**HOW TO COMPLETE THIS TASK**
Your reply should contain nothing except the lines from the one with "5 Inch Heel" through the end of the listing below, reproduced exactly and stripped of pictures.

**DATASET CONTENT**
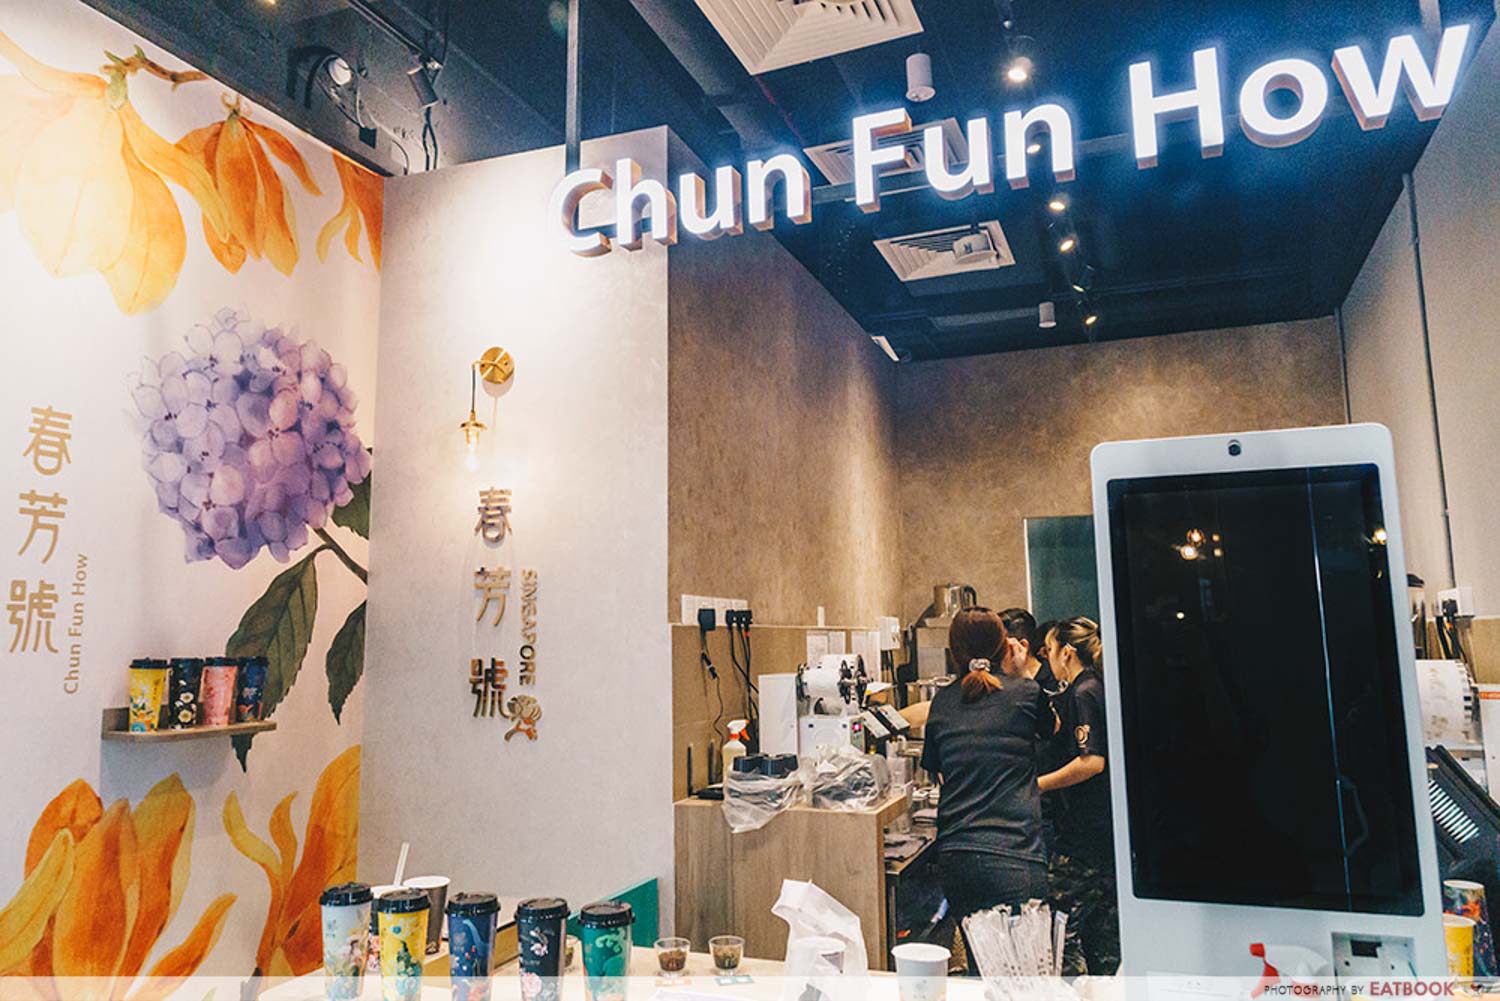 Chun Fun How - Front door
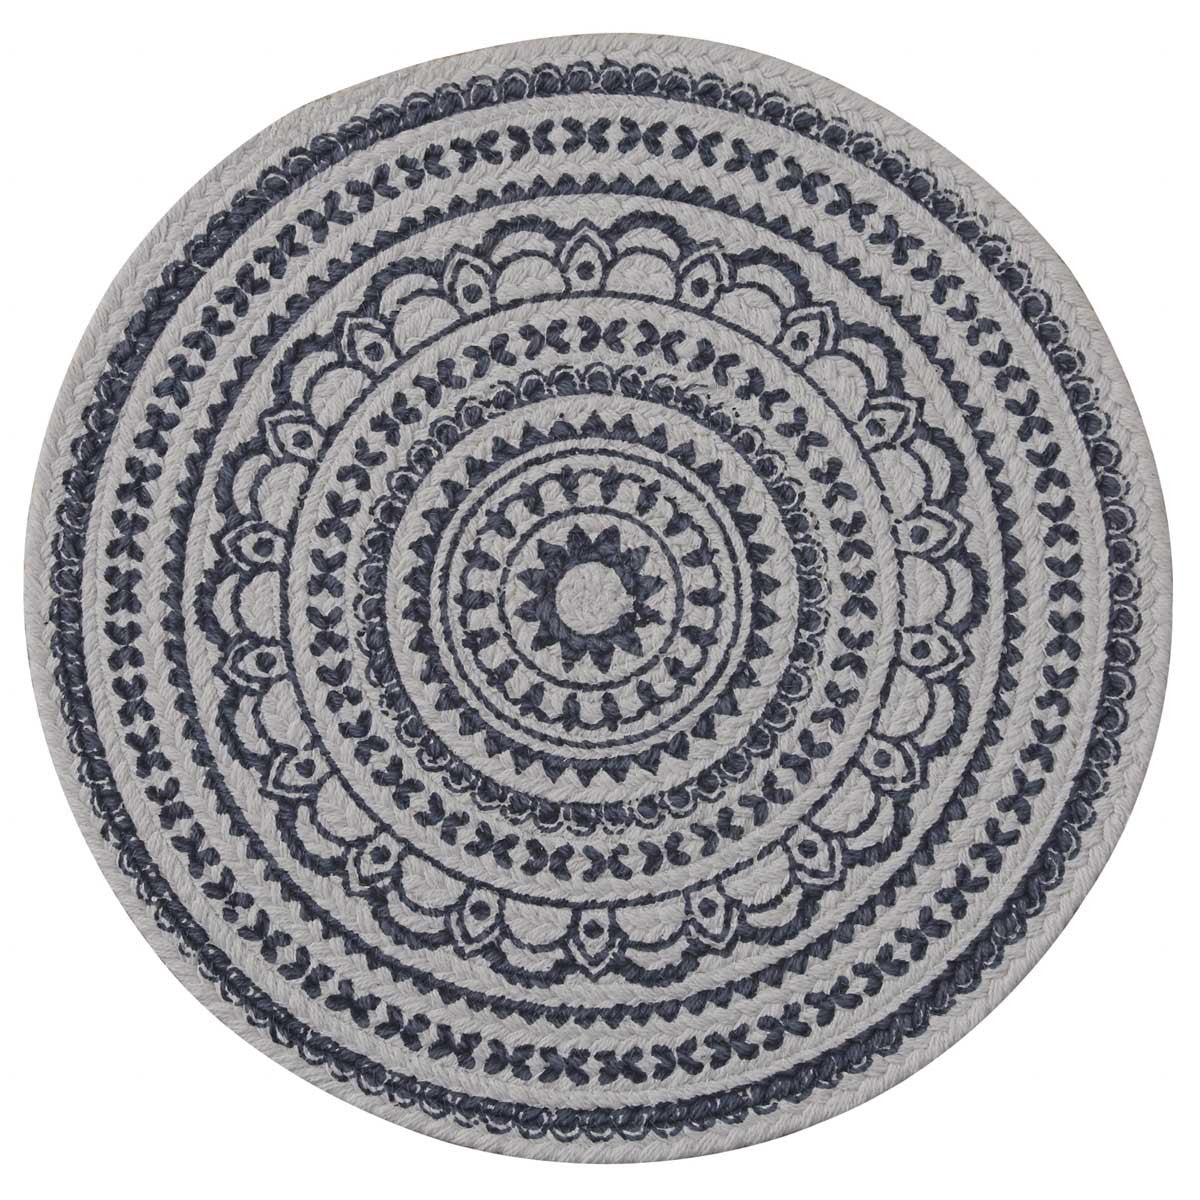 Zuri Medallion Printed Round Placemat - Navy
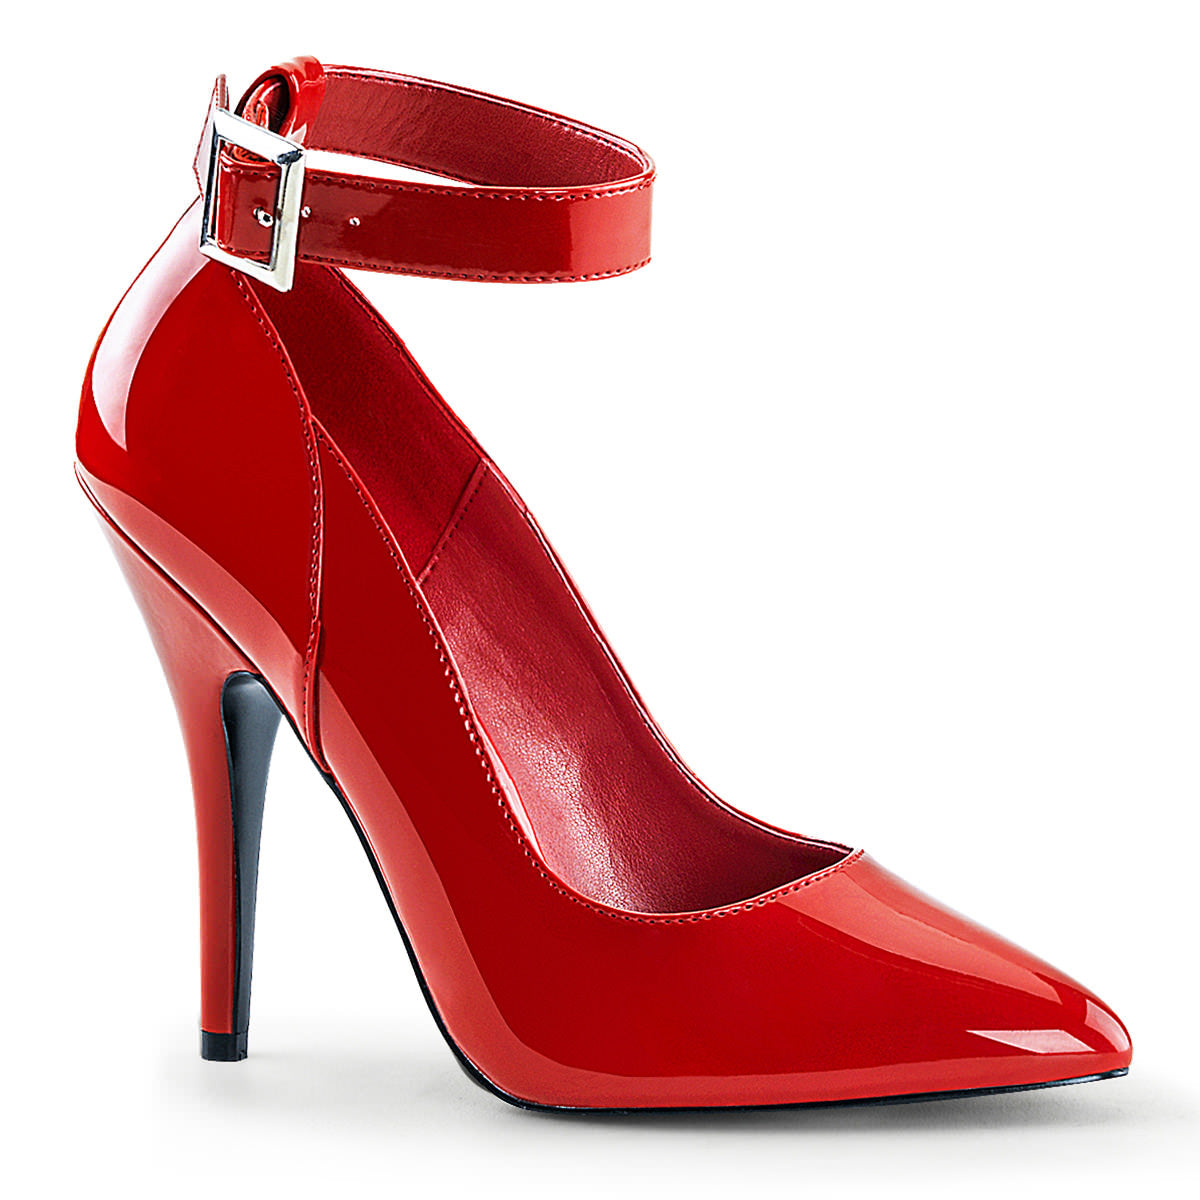 5 Inch Heel SEDUCE-431 Red Pat Plus Size Ankle Strap Pump – Shoecup.com
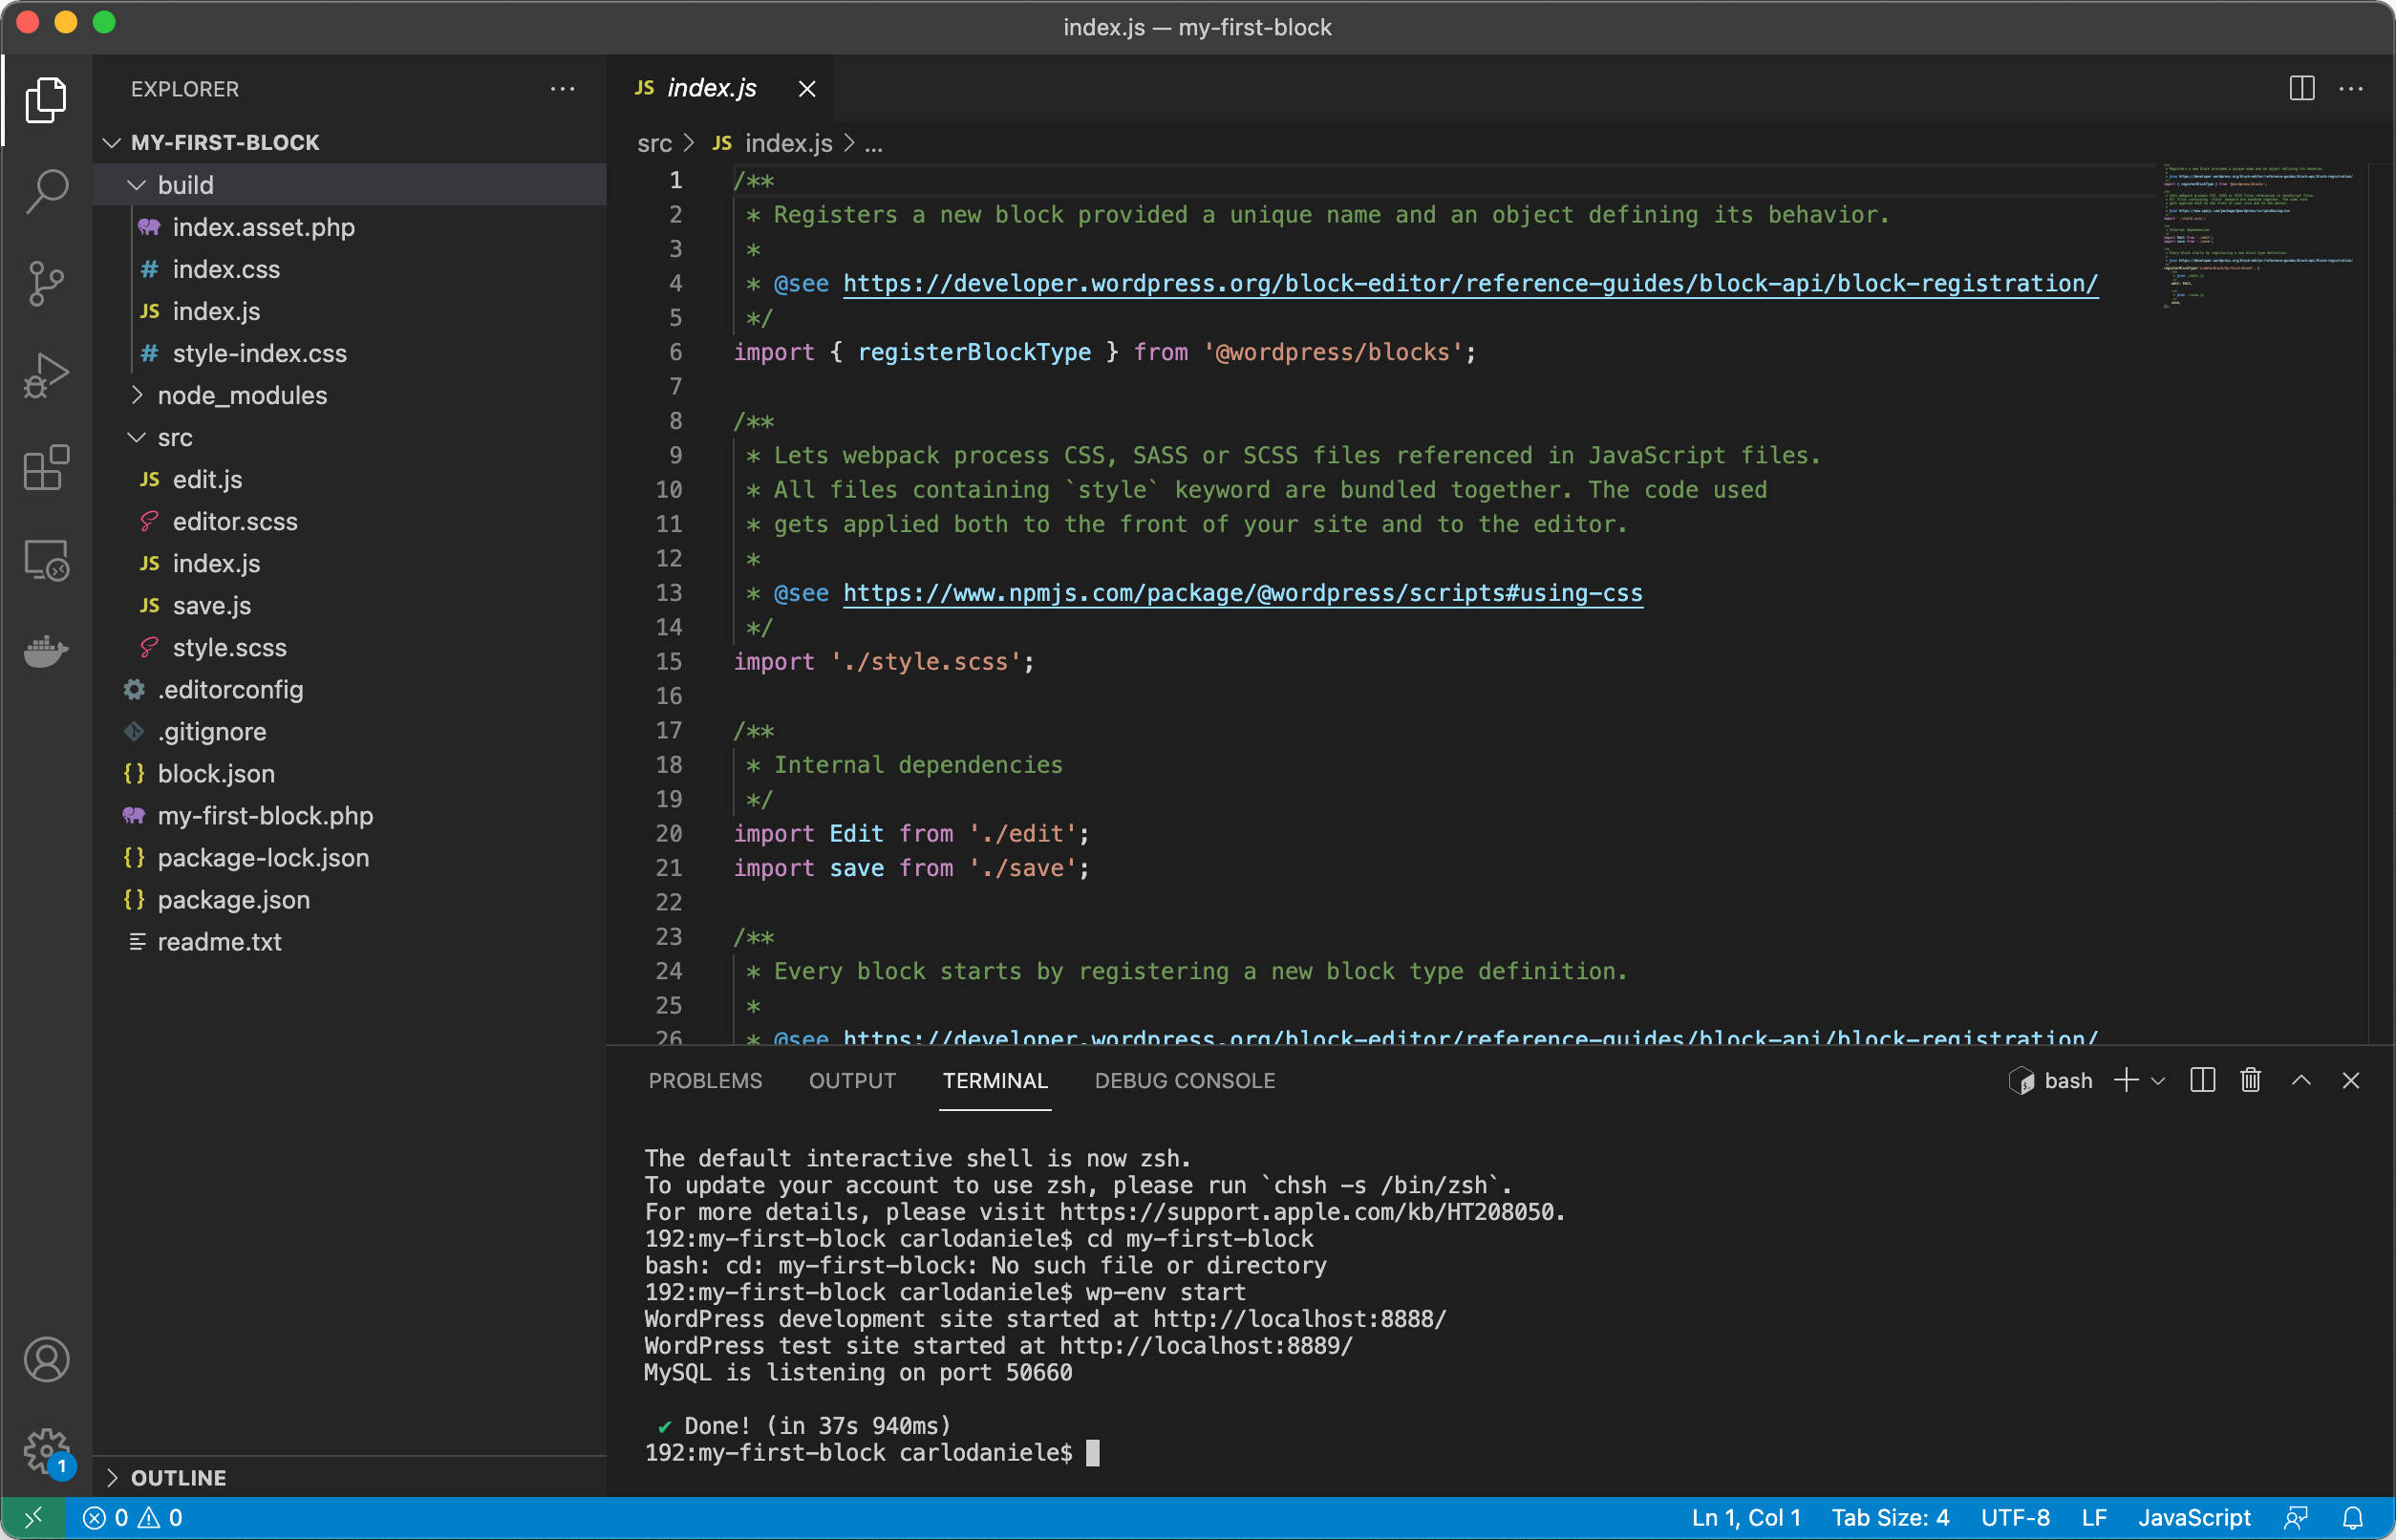 Ejecución de comandos desde el terminal de código de Visual Studio.

**THE COMPLETED TASK**
 5 Inch Heel SEDUCE-431 Red Pat Plus Size Ankle Strap Pump – Shoecup.com
 Ejecución de comandos desde el terminal de código de Visual Studio.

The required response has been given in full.